The whole listing below is to be copied exactly, with every picture left out.

— RAW DATA —
──────
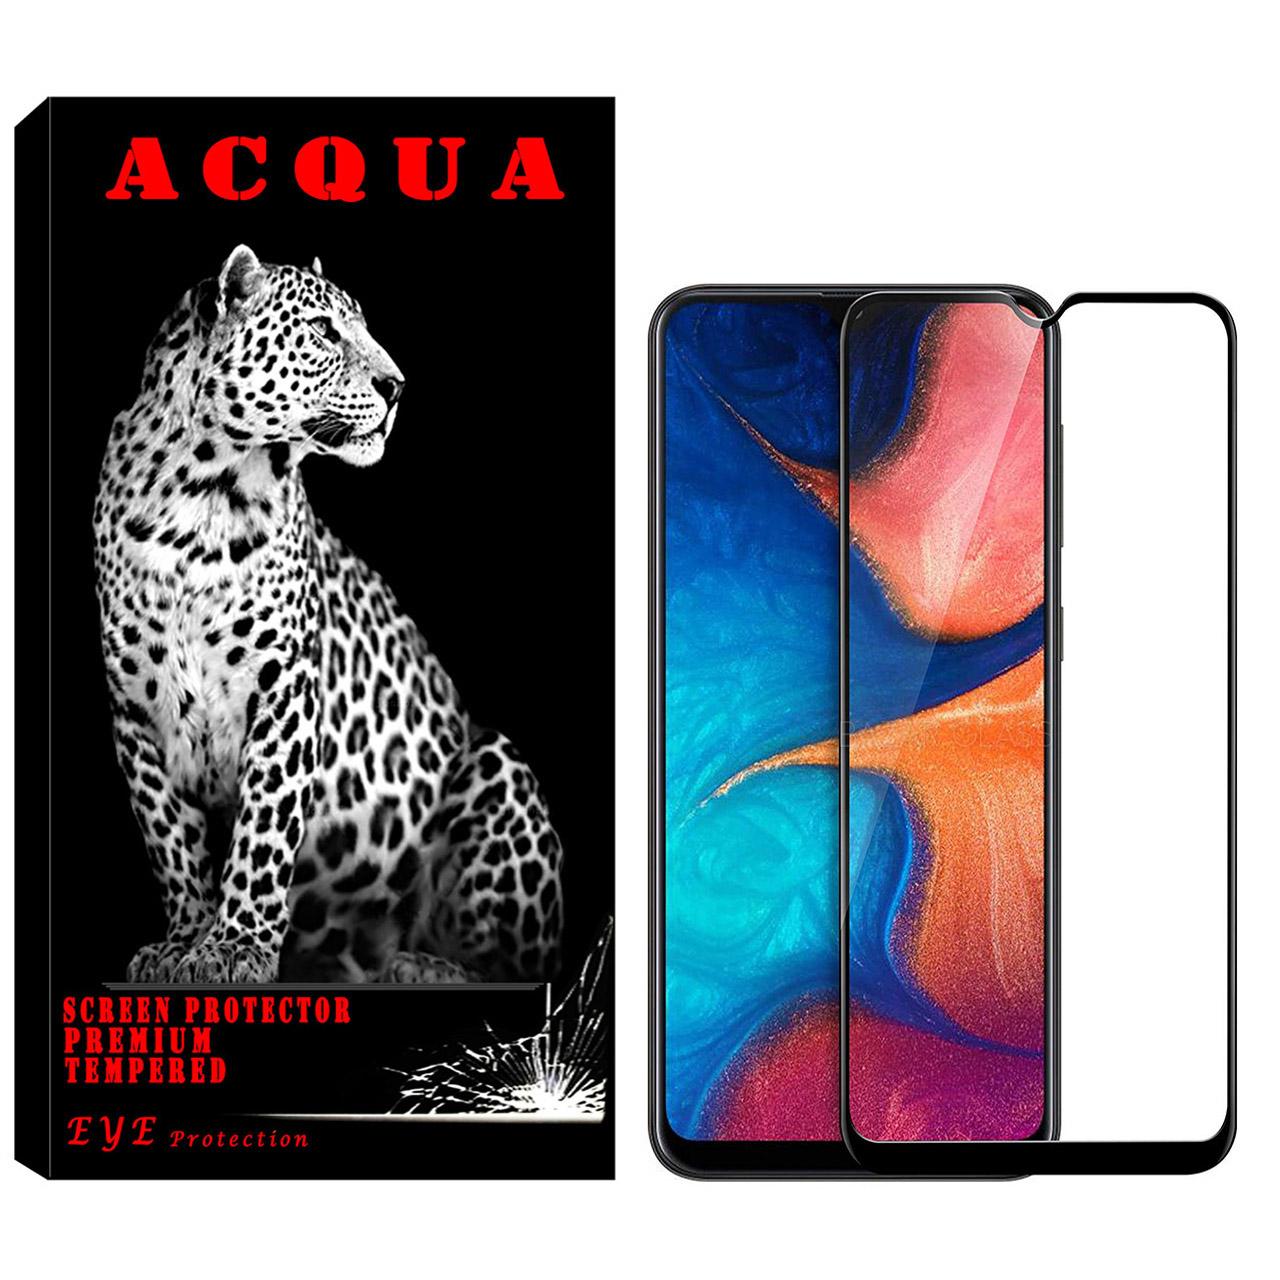 محافظ صفحه نمایش آکوا مدل SA مناسب برای گوشی موبایل سامسونگ Galaxy A20
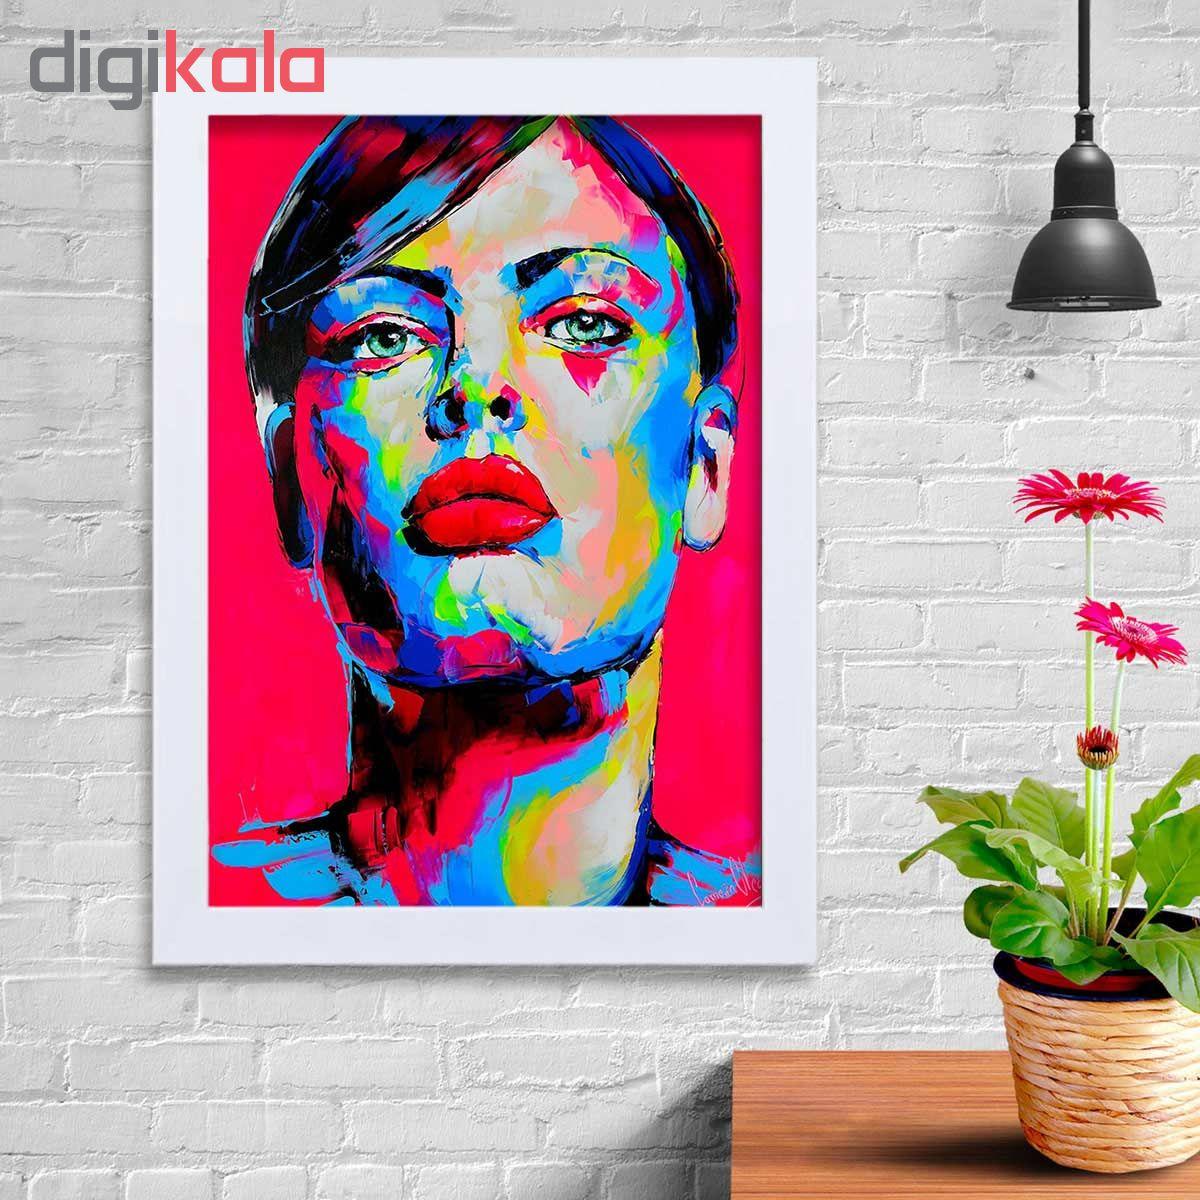 تابلو   گالری استاربوی طرح دخترانه مدل هنری KL90
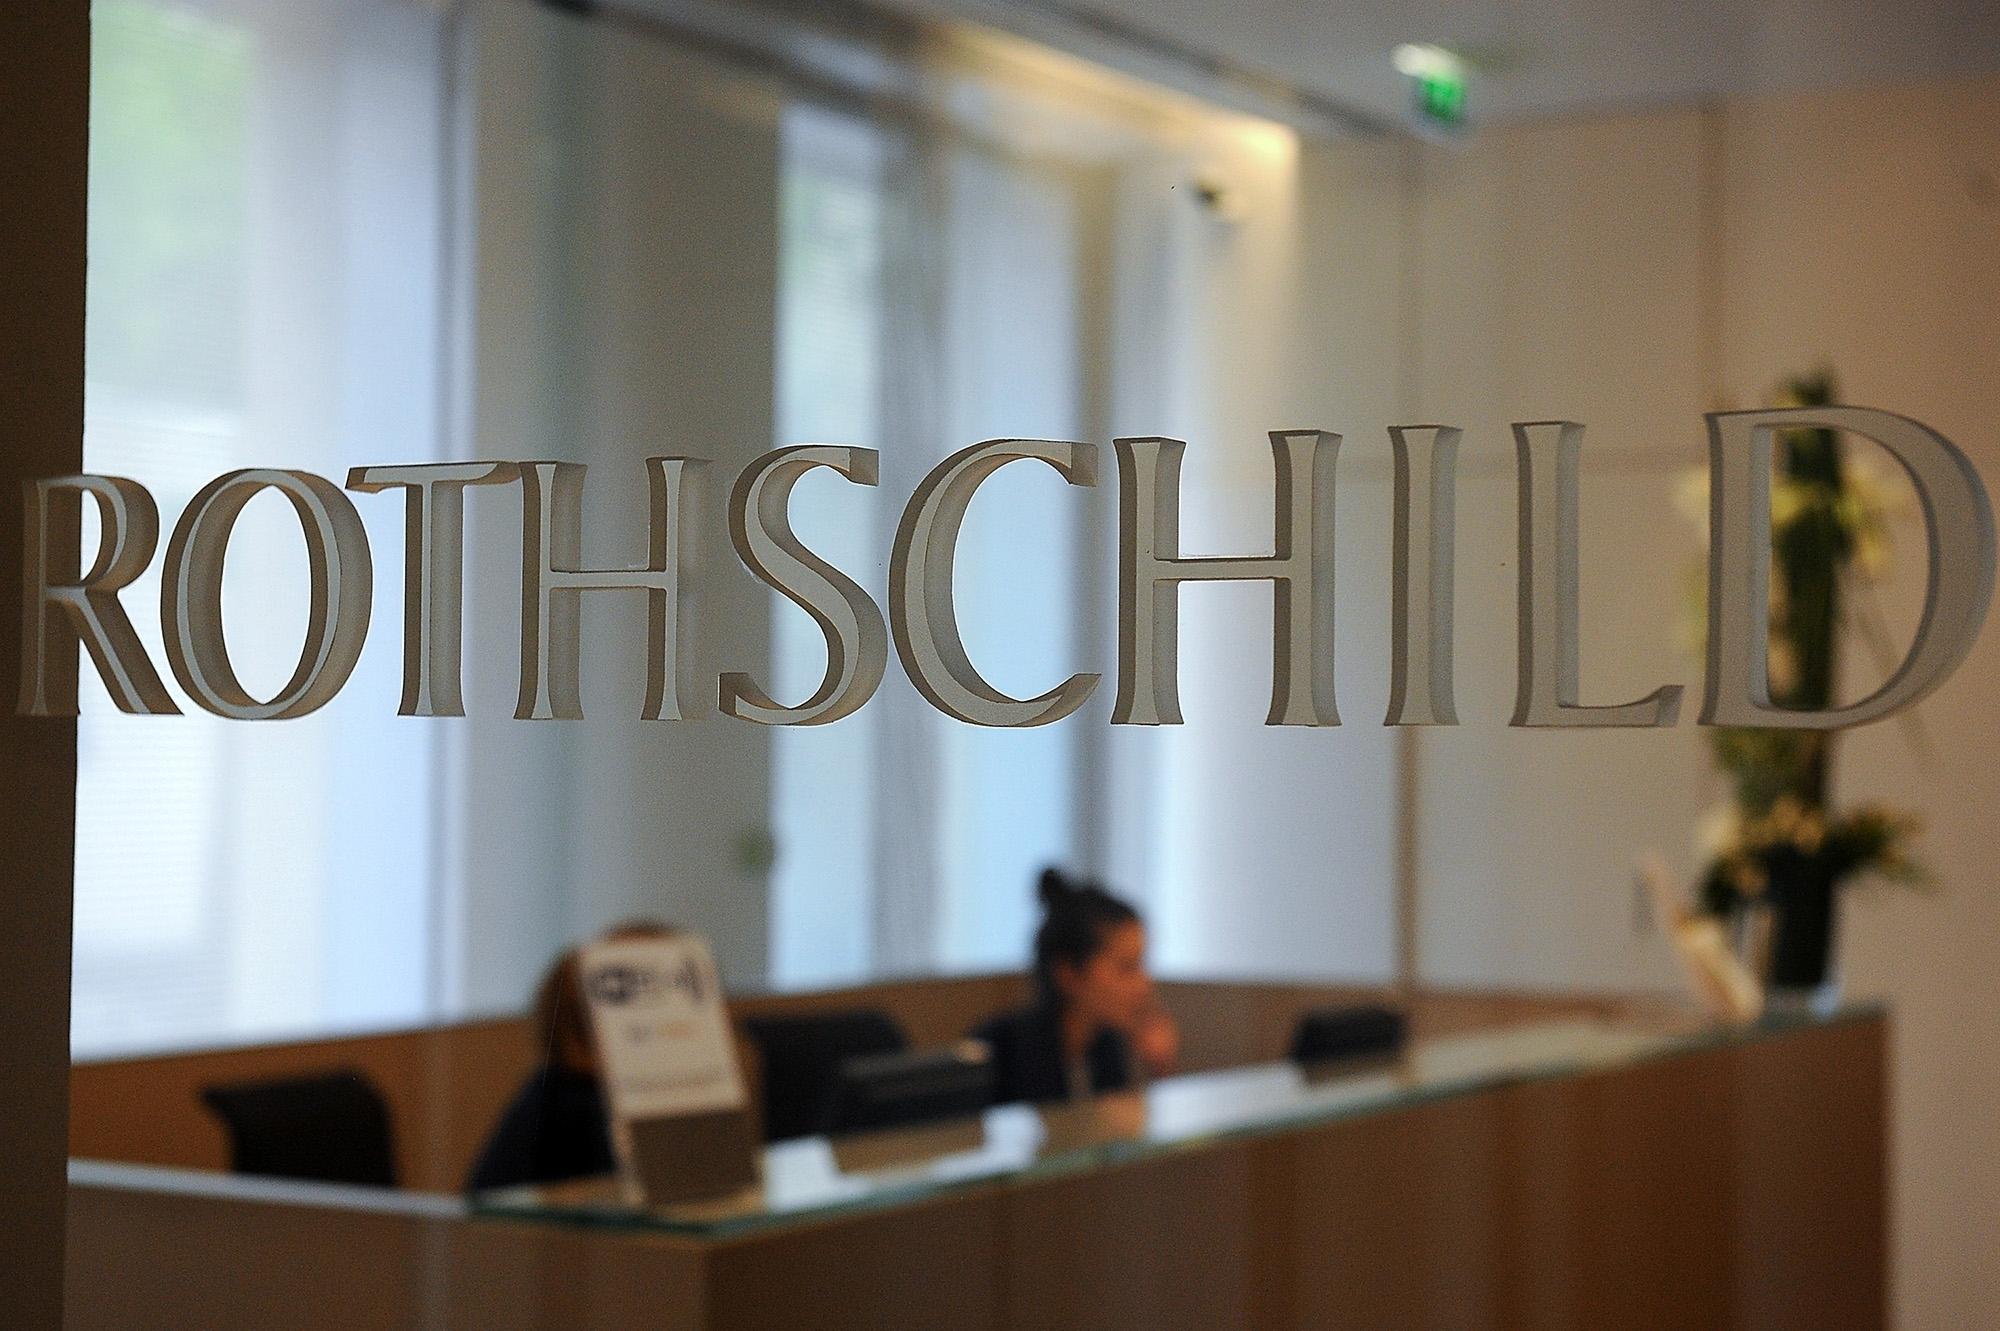 Rothschild: Όλα όσα πρέπει να ξέρετε για την πιο ισχυρή τραπεζική οικογένεια του πλανήτη
──────
— ANSWER FOR THE TASK —
 محافظ صفحه نمایش آکوا مدل SA مناسب برای گوشی موبایل سامسونگ Galaxy A20
 تابلو   گالری استاربوی طرح دخترانه مدل هنری KL90
 Rothschild: Όλα όσα πρέπει να ξέρετε για την πιο ισχυρή τραπεζική οικογένεια του πλανήτη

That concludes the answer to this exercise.